Ring: An air-skiff can use either a fire or an air elemental. A burning fire elemental bound into a ring deals 1d8 points of fire damage to any creature or object it touches. When an air elemental is used, the damage is bludgeoning.
Encumbered flight:  The flight speed listed above is if the air-skiff is only lightly encumbered.  Treat it as a Large quadruped with Strength 23 for encumbrance purposes (Light load: 0 – 600 lbs.; medium load: 601 – 1200 lbs.; heavy load: 1201 – 1800 lbs.).  An air-skiff can fly while carrying a medium or heavy load, but its speed is reduced to 2/3 normal, however the reduced speed still burns power as if it were flying at the relative non-reduced speed.  While carrying a heavy load, maneuverability is reduced to poor.
Charged Flight:  The Medium elemental that powers a air-skiff is too small to drive it at maximum power indefinitely.  When first disembarking from its dock, an air-skiff has 8 hours of power.  It can fly at a speed of 5 feet indefinitely, but flying at 10 feet cuts its power to 8 hours.  Flying at 20 feet cuts it to 4 hours, and flying at 40 feet cuts it to 2 hours.  Eighty feet cuts its powered flight time to 1 hour, and flying at its max speed of 120 feet cuts the fly time to 30 minutes.  All of this is proportional to time spent flying at any given speed, so throttling back slows the power consumption.
   If the skiff is being flown slowly (10 feet) when it runs out of powered flight time, it will maintain flight at 5 feet for another another hour, then descends 50 feet per round for 10 rounds.  At the end of that time, the elemental withdraws into the dragonshard located beneath the helm; if the skiff has not reached a landing spot by then, it falls out of the sky.  If the skiff is being flown faster than 10 feet when its flight time ends, its speed will slow at a rate of ten feet per round, until it is flying 5 feet per round, and can no longer hustle.  It maintains a true speed of 5 feet for ten rounds, then falls out of the sky.
Elemental Command:  Air-skiffs are not fitted with a wheel of wind and water.  As such, it must be controlled by less sure methods.  Commanding the elemental from the helm requires success at an opposed Charisma check (the elemental has a +0 Charisma modifier), or via magical methods (Charm Monster, Dominate Monster, or Rebuke Elemental [Rebuking lasts 10 rounds]).
Aura: Moderate conjuration, CL 11th.
Construction: Bind Elemental, greater planar binding, 25,900 gp, 2,072 XP, 52 days.
Price: 51,800 gp.

Again, keep in mind that all the listed speeds are movement speeds; the craft can hustle to double the listed speed as a double move in the same round.

Price

One of the most contentious parts of Eberron’s airships is the price.  A mere 92,000 gp?  That’s a STEAL!  Especially considering that a similar but inferior craft from Forgotten Realms costs 400,000 gp.  It also seems odd because just one page before the airship in the ECS are the elemental-bound armors, which cost +80,000 gp to +90,000 gp for any of the bound elemental properties.  Add in the fact that a soarwood sailing ship costs 40,000 gp (remember, a typical airship is similar in size to a sailing ship, and a soarwood vessel costs 4 times as its normal counterpart).  Also, keep in mind that the listed 92,000 gp for the ship doesn’t include a Wheel of Wind and Water.

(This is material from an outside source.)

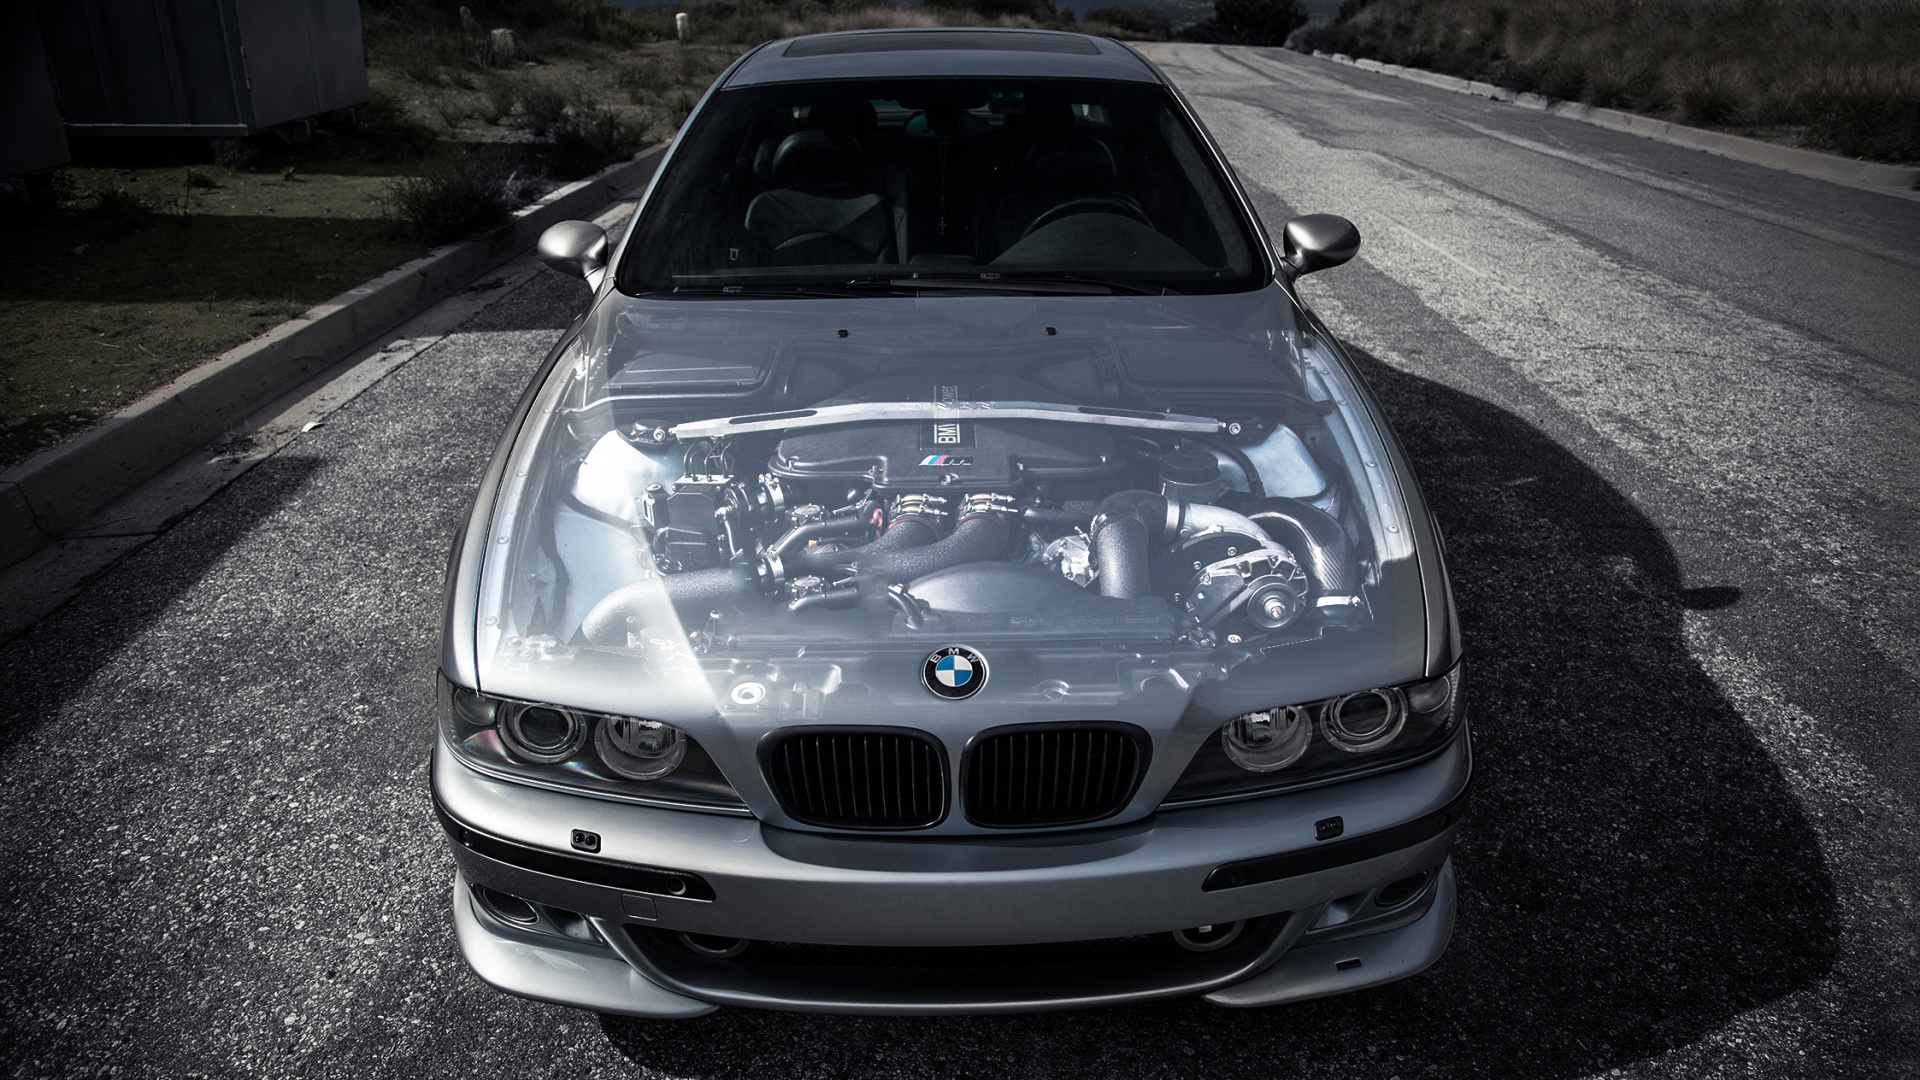 BMW e39 Wallpapers Images Photos Pictures Backgrounds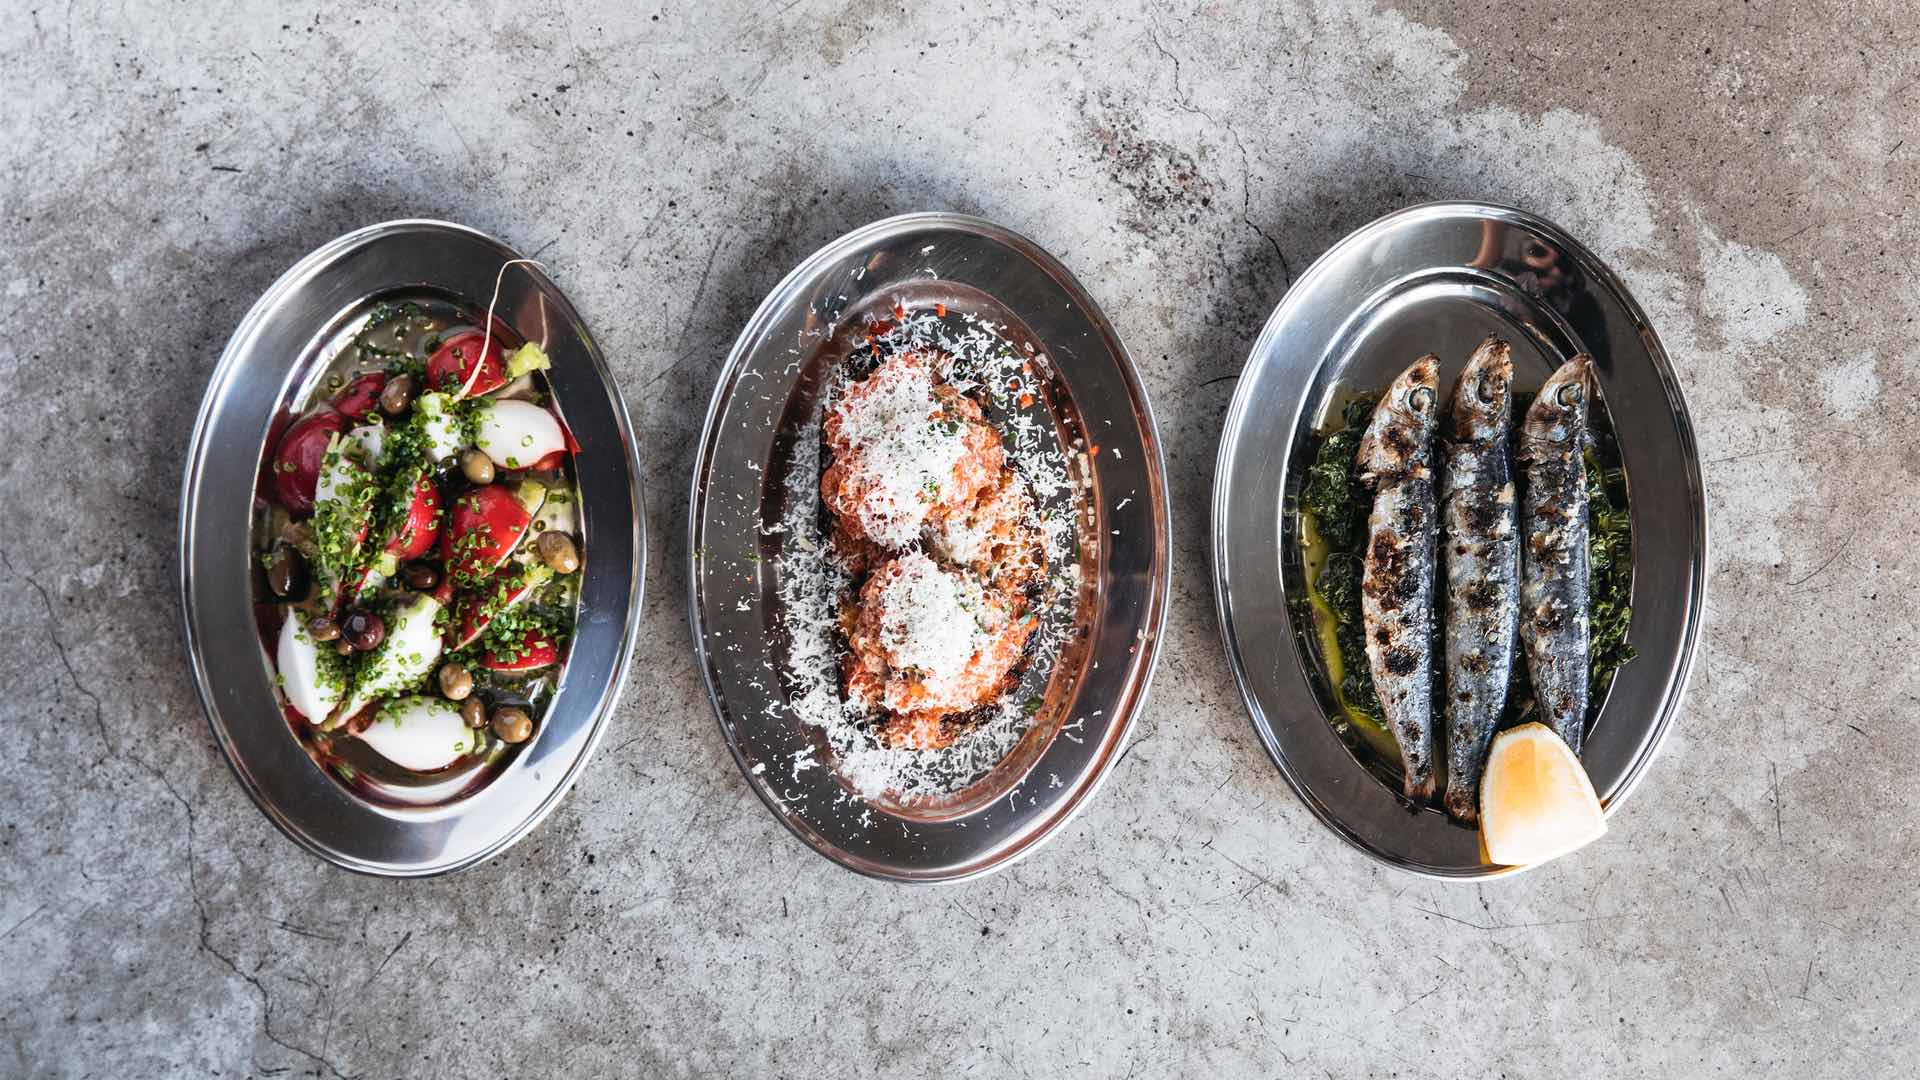 Bonnie's Food + Wine Is Maurice Terzini's New Bondi Bar Serving Fried Pizza and Natural Wine

Although this is purely homebrew (the RAW is clear, an airship costs 92,000 gp), I would highly suggest that a DM treat the 92,000 gp as the cost of binding the elemental to the soarwood craft, which itself costs 40,000 gp.  Add in the cost of a Wheel of Wind and Water, and you get a much more reasonable cost of 140,000 gp for a House Lyrandar airship.

As I said before, Firesleds are 76,010 gp, and I based the cost of the air-skiff on that.  After backing out the cost of the darkwood and firebrass craft, I reduced the the binding cost to 2/3 that of the firesled, due to the reduced flight ability, and then added the 2,000 gp cost of a soarwood launch.